*Source data*.
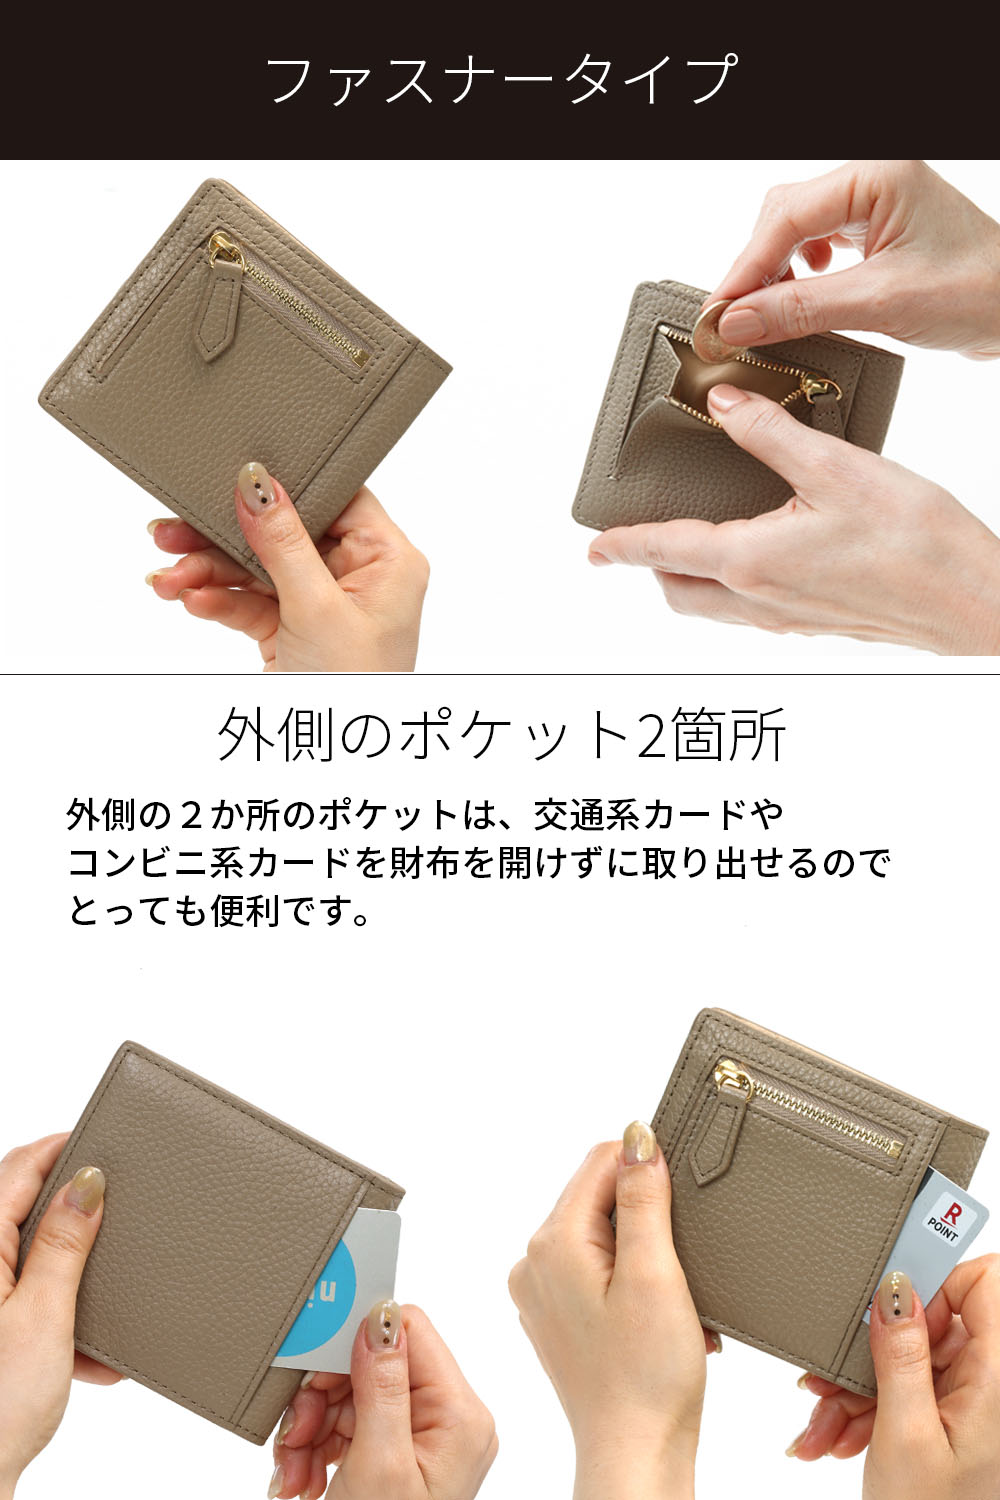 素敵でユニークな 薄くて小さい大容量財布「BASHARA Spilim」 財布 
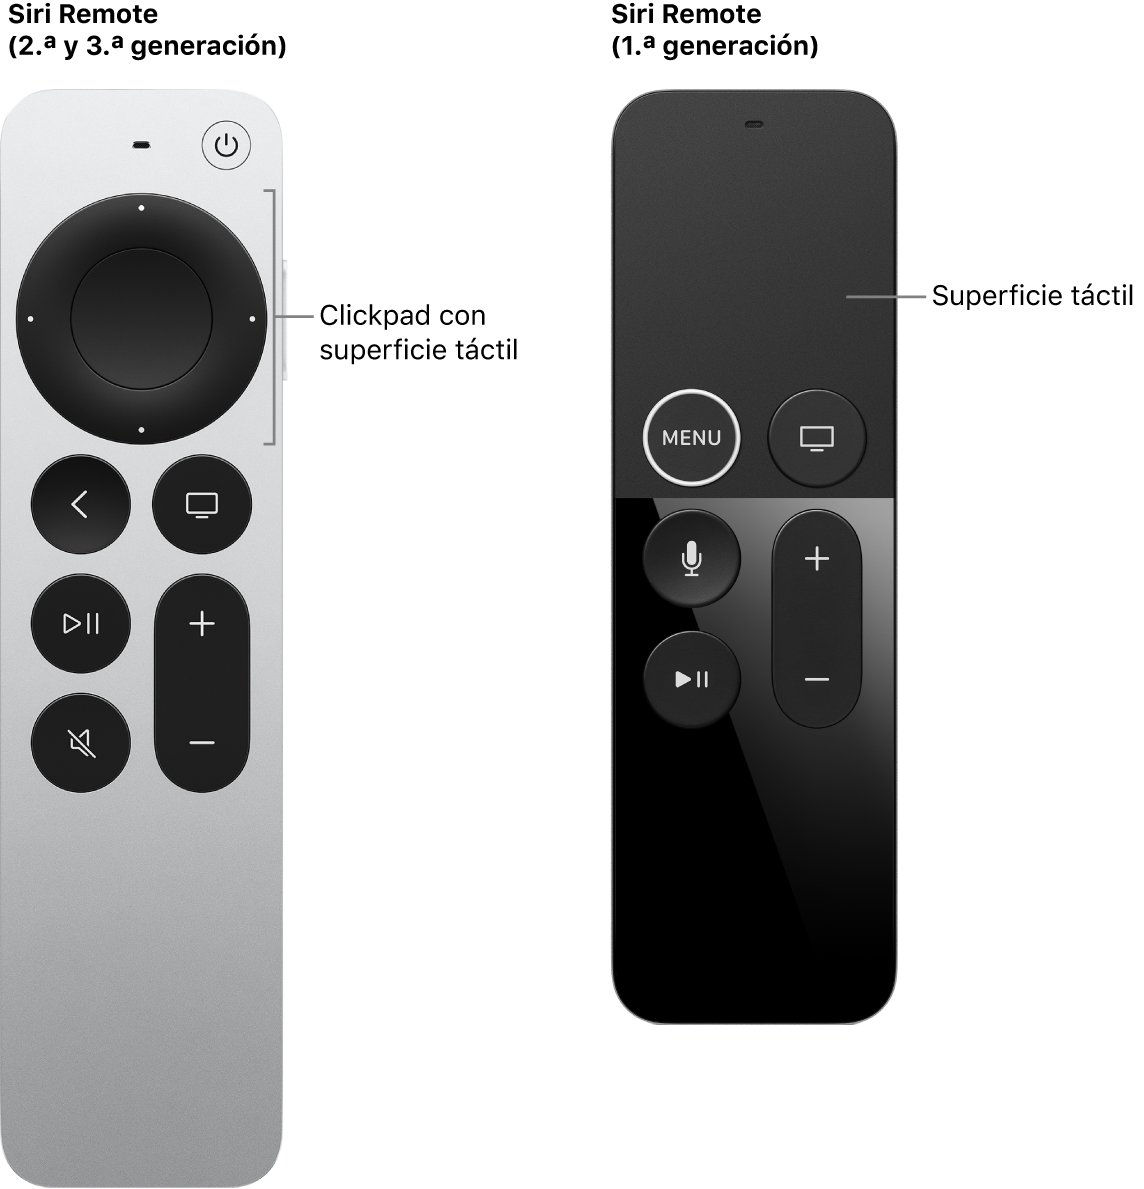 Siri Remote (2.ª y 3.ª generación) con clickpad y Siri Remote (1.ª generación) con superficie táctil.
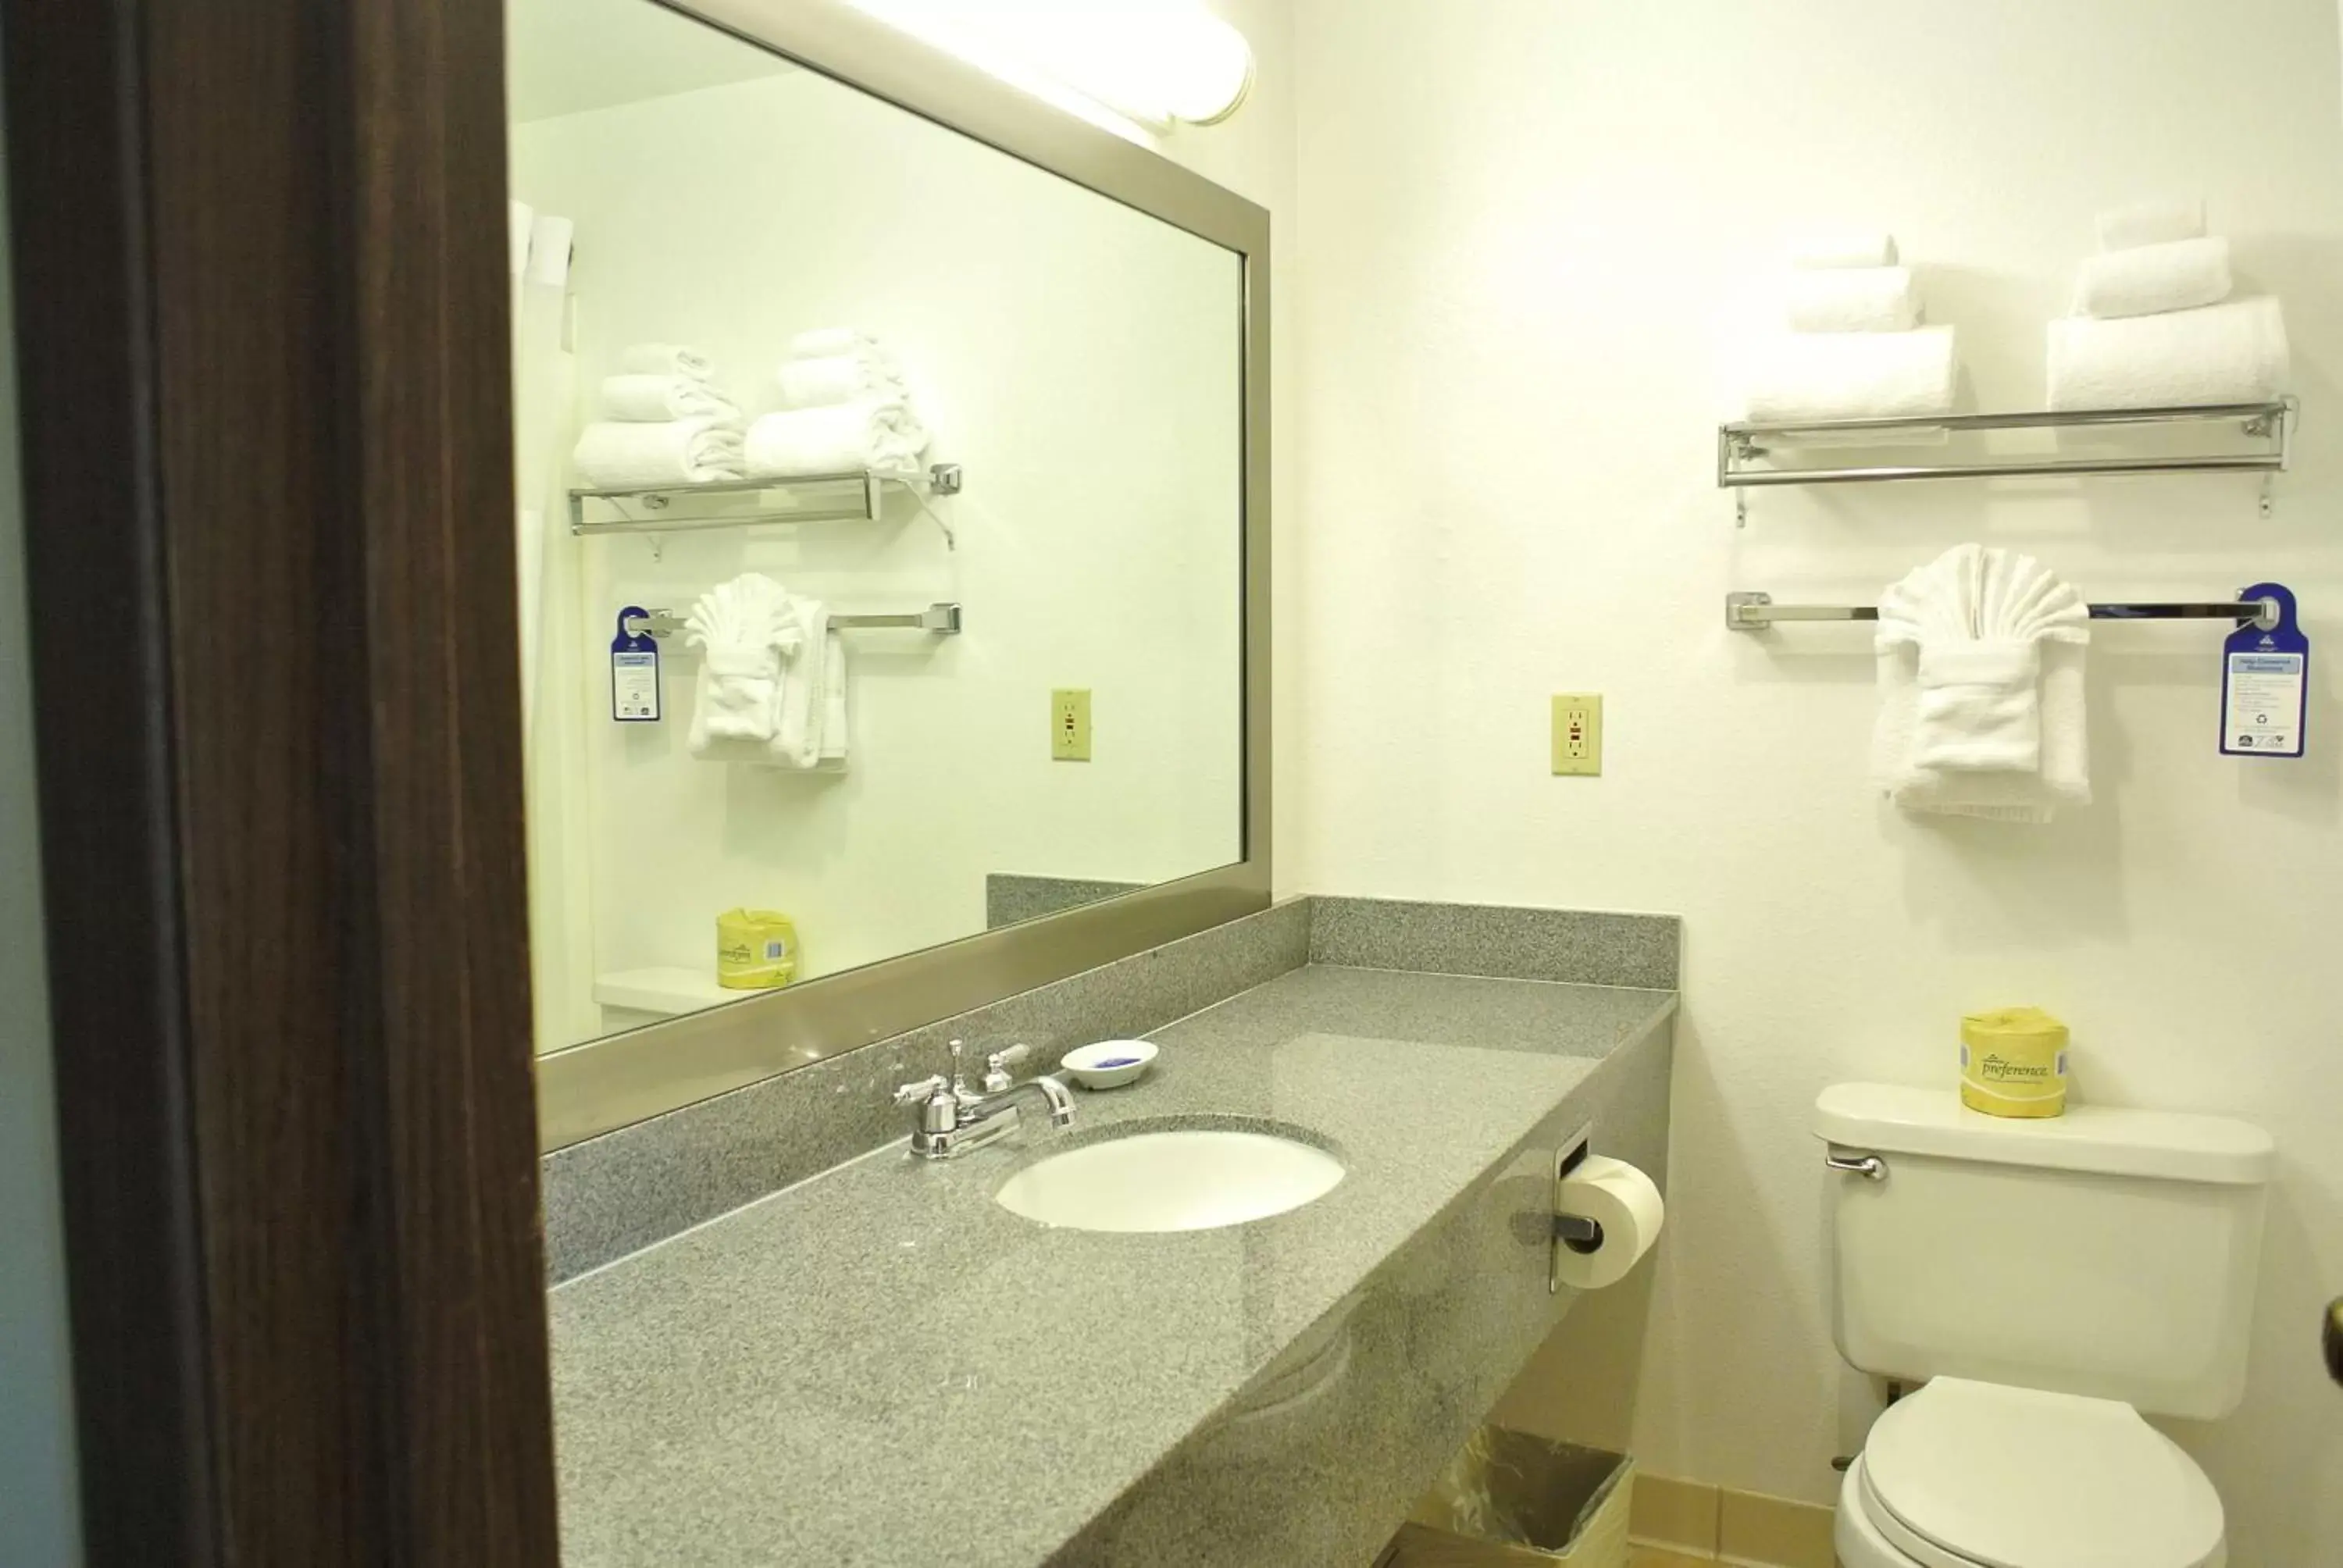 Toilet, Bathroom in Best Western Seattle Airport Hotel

*Problem*.
Every line above should be retyped exactly; the pictures do not belong in the copy.

*Answer below*.
 素敵でユニークな 薄くて小さい大容量財布「BASHARA Spilim」 財布 
 Siri Remote (2.ª y 3.ª generación) con clickpad y Siri Remote (1.ª generación) con superficie táctil.
 Toilet, Bathroom in Best Western Seattle Airport Hotel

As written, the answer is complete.